Occurrence of diphtheria in and around Calcutta was found to vary from 3 to 7 thousand cases per year during the period of 1963-1968. In 1969, 8366 cases of diphtheria were admitted to Infectious Disease Hospital, Calcutta. The disease was found to occur in all the wards of Calcutta Corporation, but certain wards such as 16, 36 and 56 had proportionately higher incidence. The morbidity and mortality rates in the city of Calcutta were found to vary from 0.29 to 1.34 and 0.02 to 0.06 per thousand respectively. A seasonal variation of the occurrence of the disease was noted with the highest incidence in the months of August and September. Of the 5882 patients studied, 78.29 percent belonged to the age group of 1 to 9 years.

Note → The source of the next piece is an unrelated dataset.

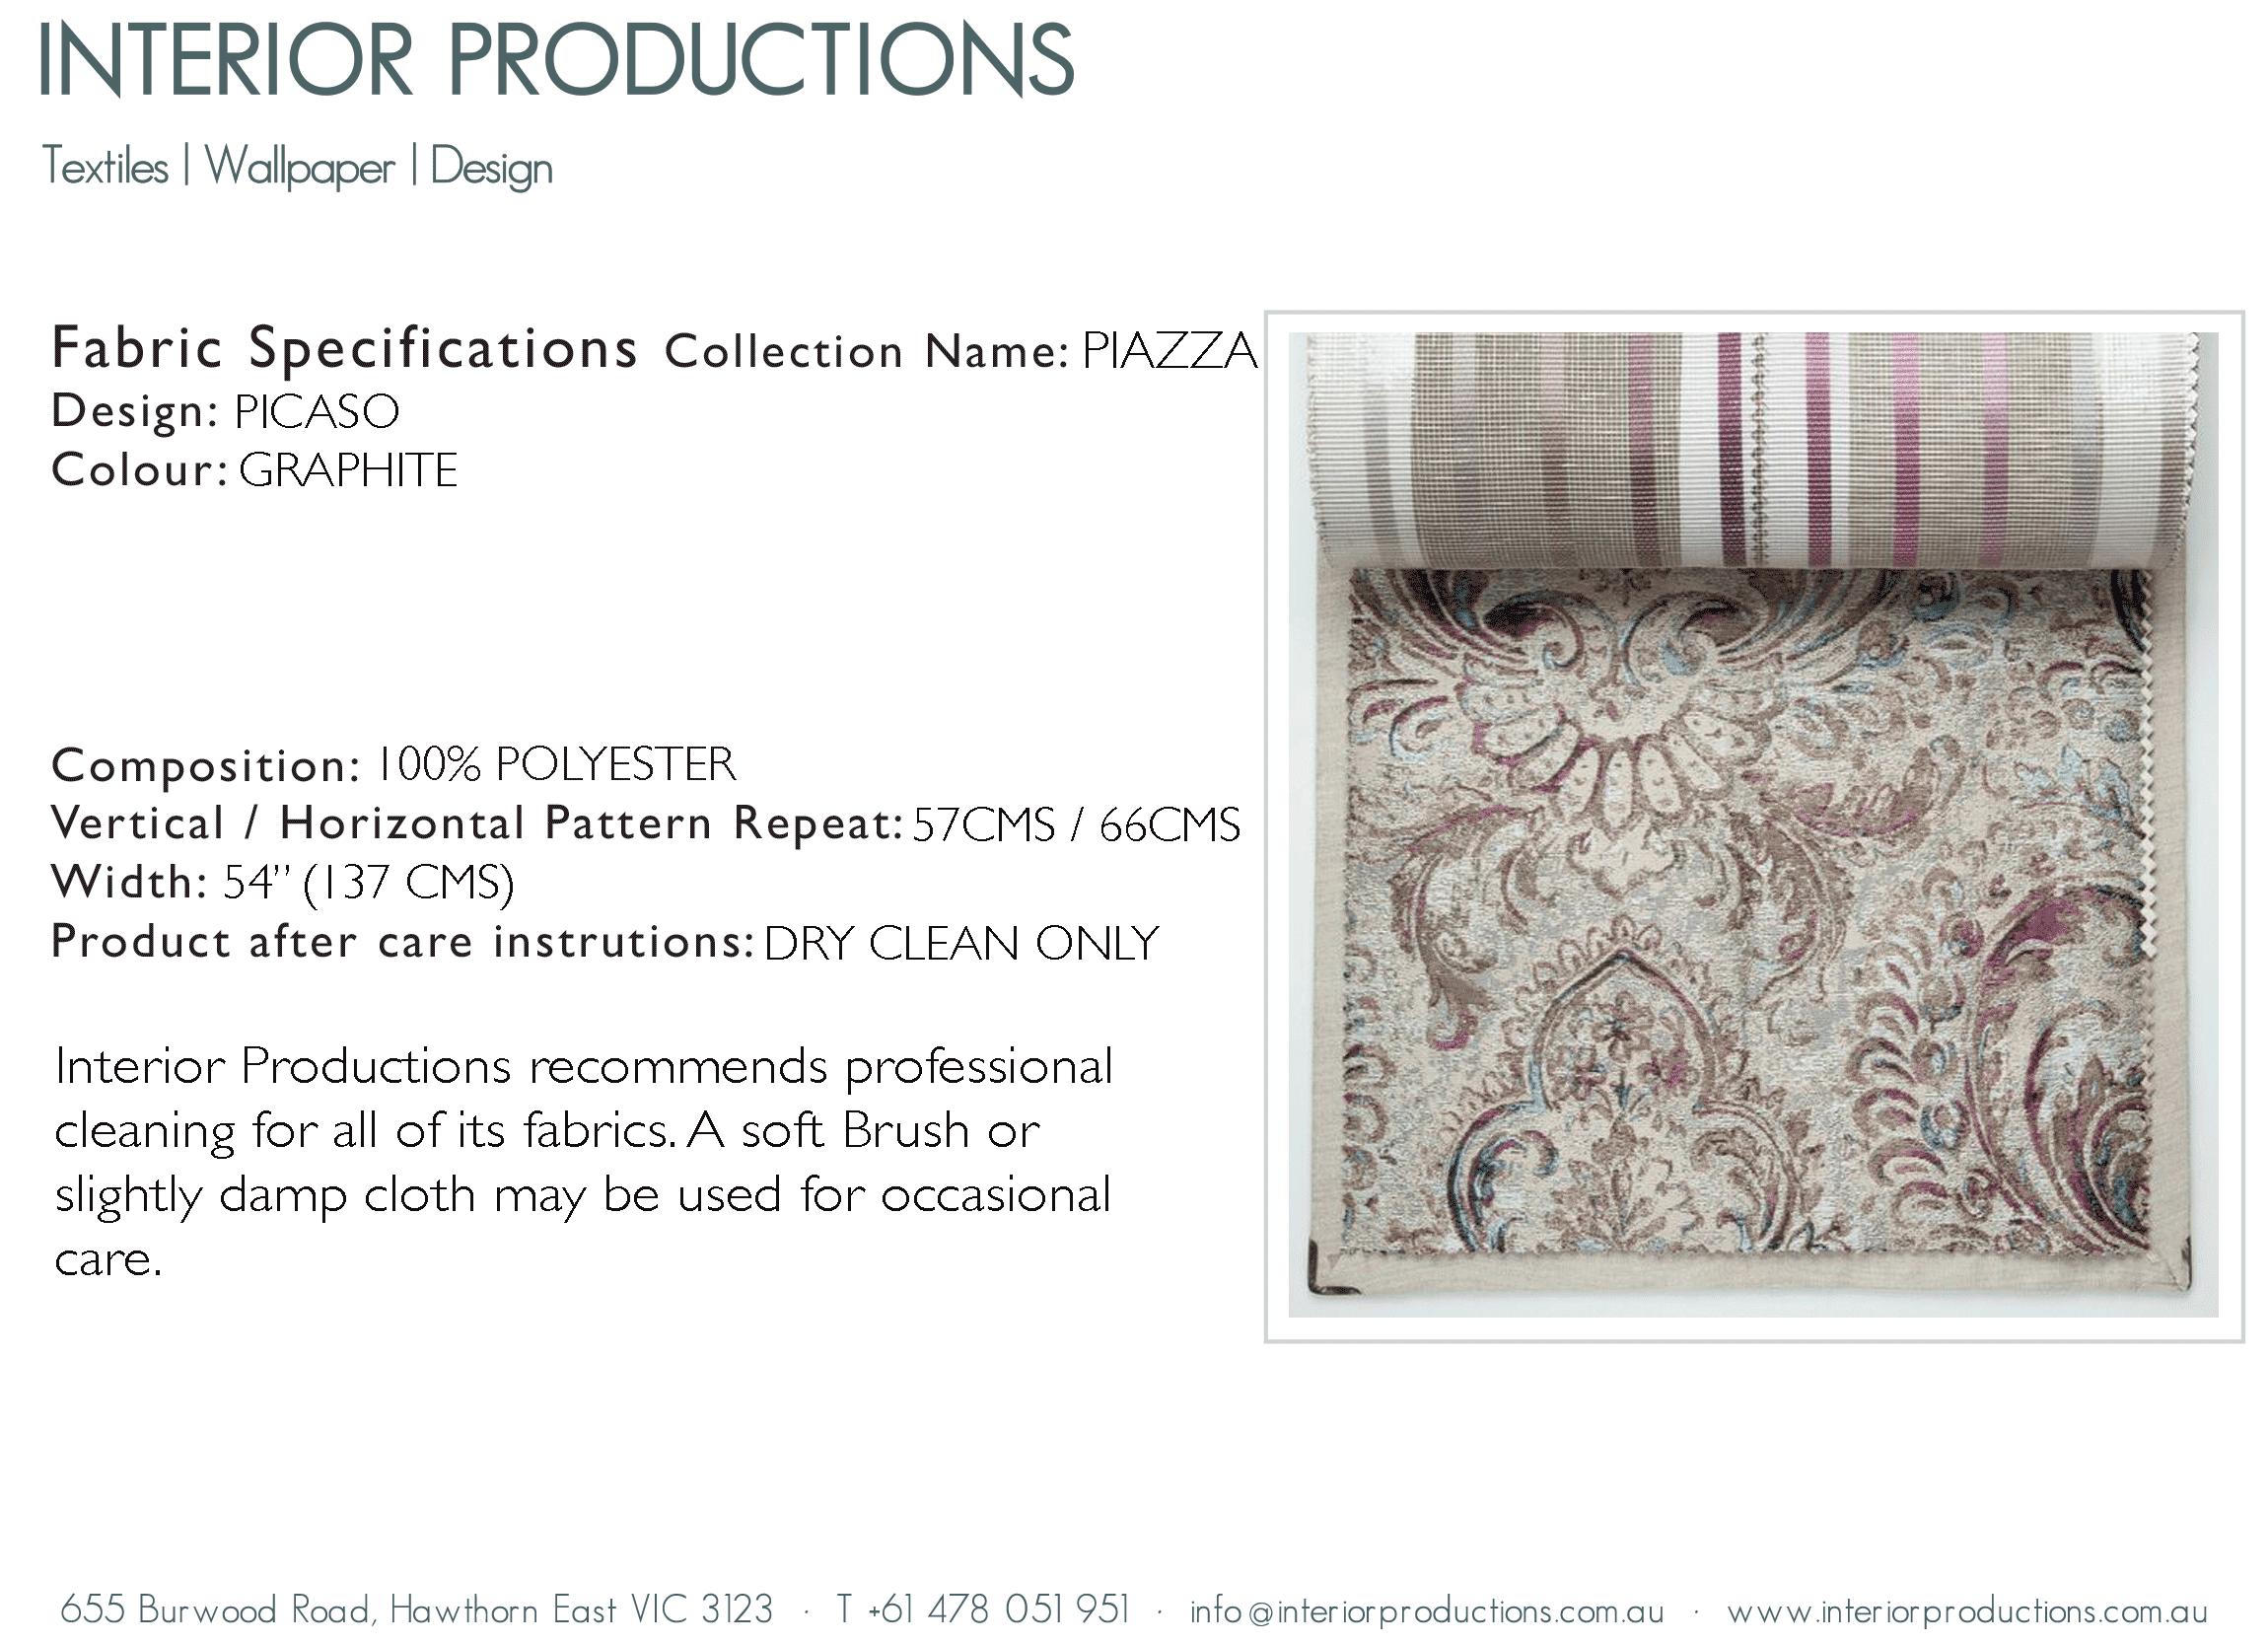 interior_productions_PICASO---GRAPHITE

Below 10 years, cases were more in males but females outnumbered the males above this age. Highest number of deaths(60 percent) was observed in children between 1 and 2 years. Morbidity rate amongst exposed population of this age group(1-2 years) was also found to be highest (484.04 per 1000).Usually not more than one person was affected in a family.

Second attack of diphtheria, though rare, was seen in 1.9 percent of cases. 3.1 percent of patients received immunization but the disease was mild in nature in all of them and none died.

2.3

SGOT in diphtheritic myocarditis
DN Guha Mazumder
National Conference on Infectious Disease, Bombay 1968.pp. 151-159.

Sixty seven bacteriologically proved cases of faucial diphtheria of varying severity were investigated clinically and by serial electrocardiography. Autopsy was done in 6 out of 7 fatal cases.Forty two patients had myocarditis. Serial estimations of SGO-T were done in all the 67 cases.31 patients, all showing signs of myocarditis had elevated enzyme levels, the maximum being 533KU/ml, serial estimations in favourable cases showing decreasing values. In 2 cases of myocarditis,ECG did not reveal any abnormality,but definite elevation of the enzyme levels were noticed. In 4 others,though the initial ECGs were normal this become abnormal subsequently, but their SGO-T values were raised from the very beginning.